▶ The data
= = =

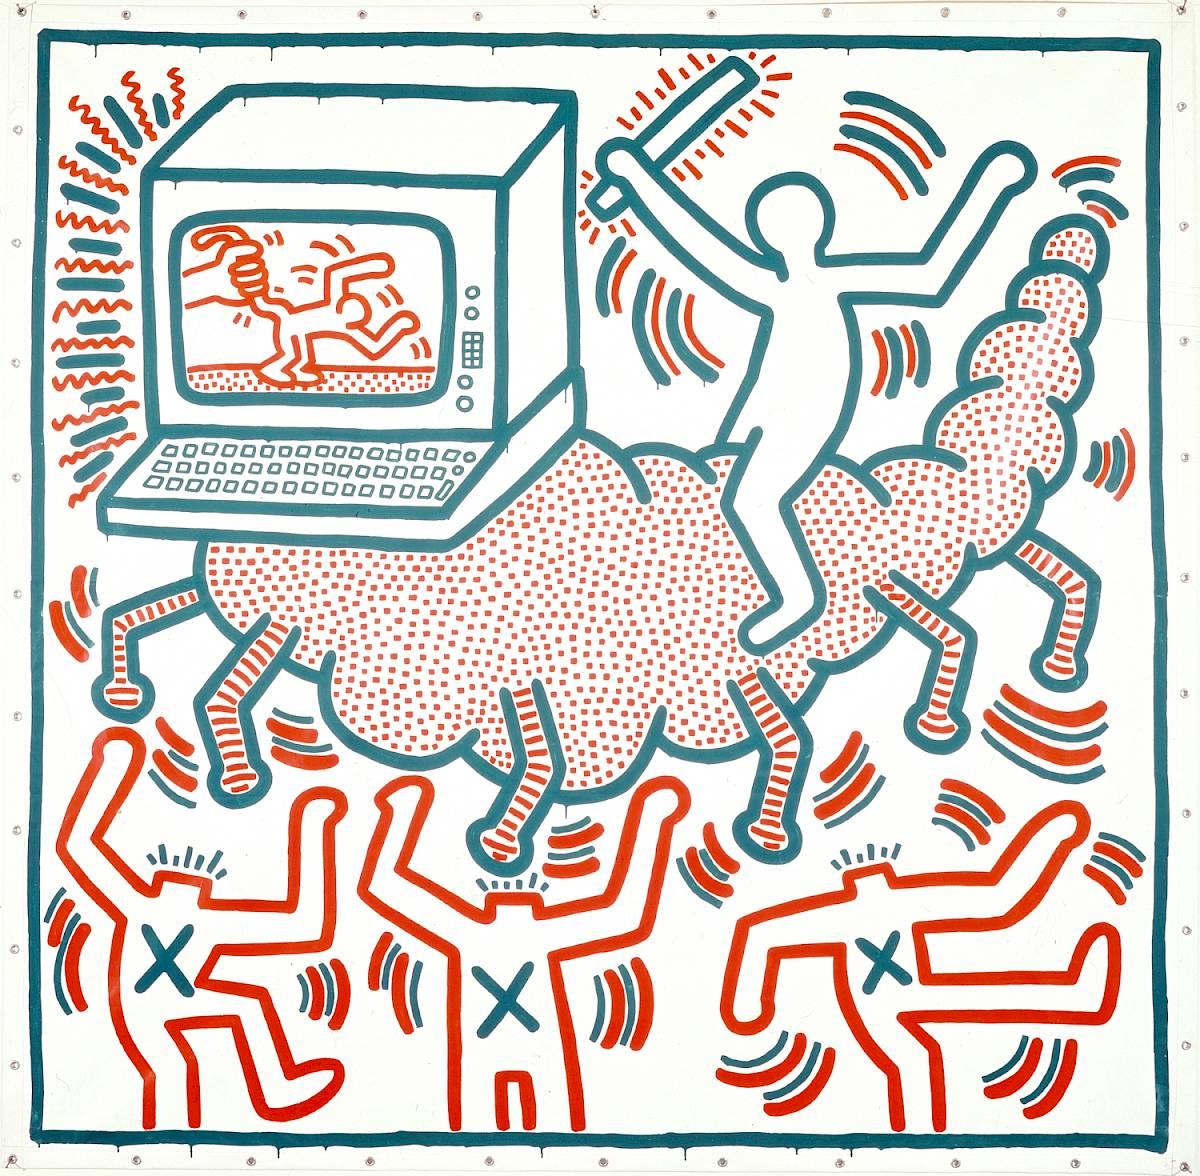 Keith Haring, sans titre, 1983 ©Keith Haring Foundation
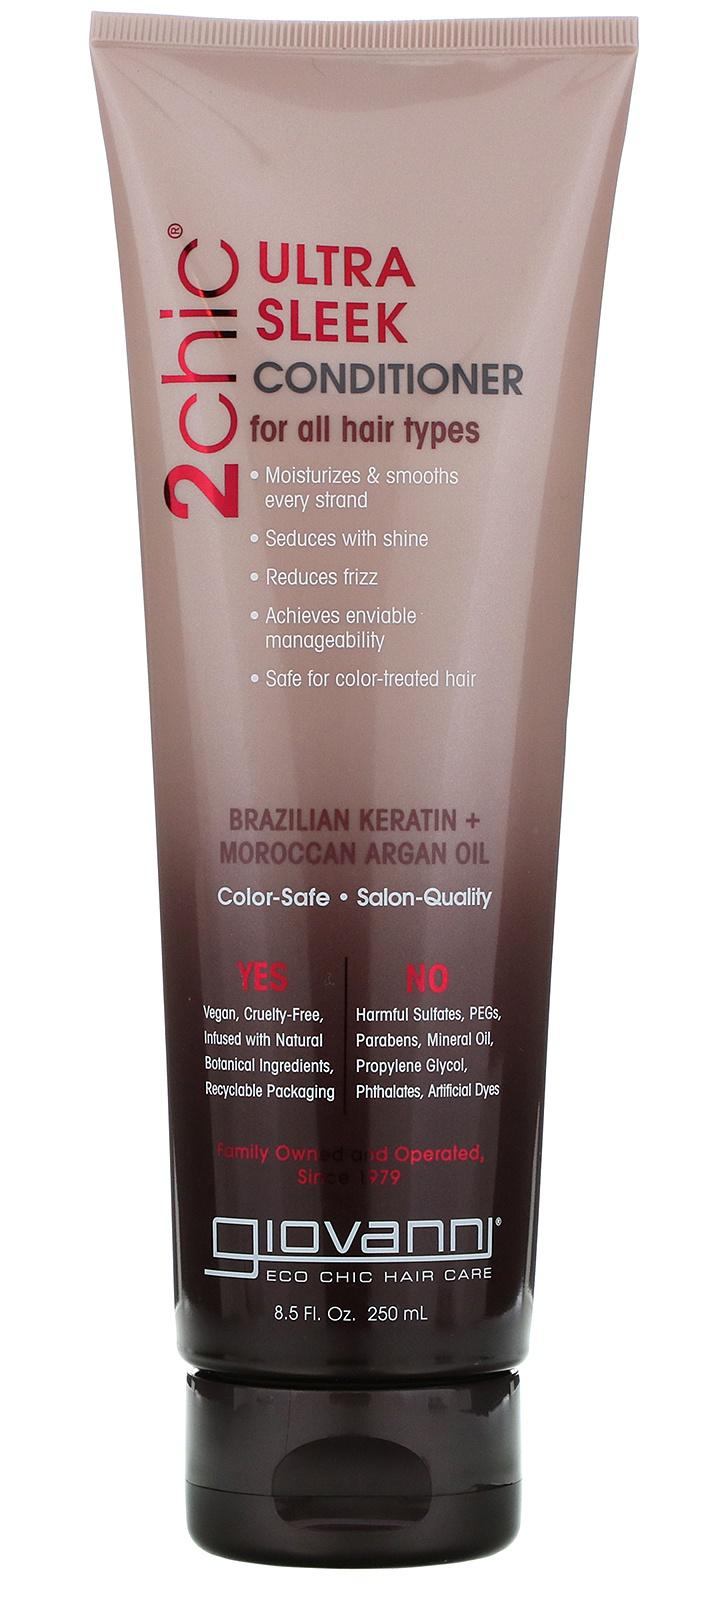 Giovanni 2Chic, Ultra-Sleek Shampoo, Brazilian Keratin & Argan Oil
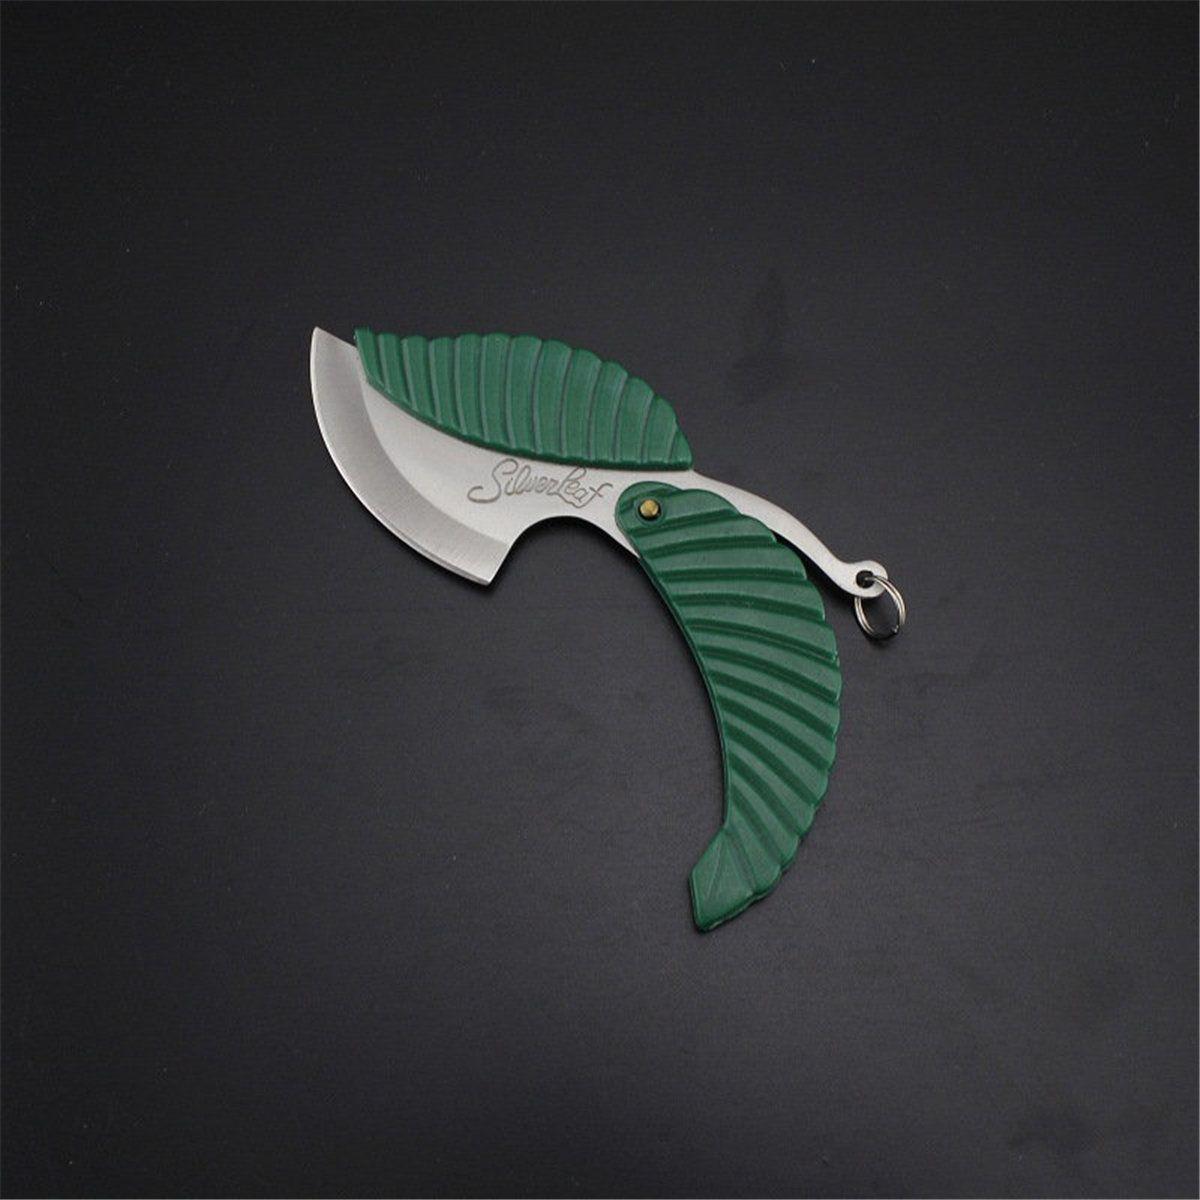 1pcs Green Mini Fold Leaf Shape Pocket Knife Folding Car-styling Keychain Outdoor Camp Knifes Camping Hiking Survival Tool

= = =

▶ Work to complete
Reproduce the material above in full and without alteration, but skip all pictures.

▶ Task answer
 Keith Haring, sans titre, 1983 ©Keith Haring Foundation
 Giovanni 2Chic, Ultra-Sleek Shampoo, Brazilian Keratin & Argan Oil
 1pcs Green Mini Fold Leaf Shape Pocket Knife Folding Car-styling Keychain Outdoor Camp Knifes Camping Hiking Survival Tool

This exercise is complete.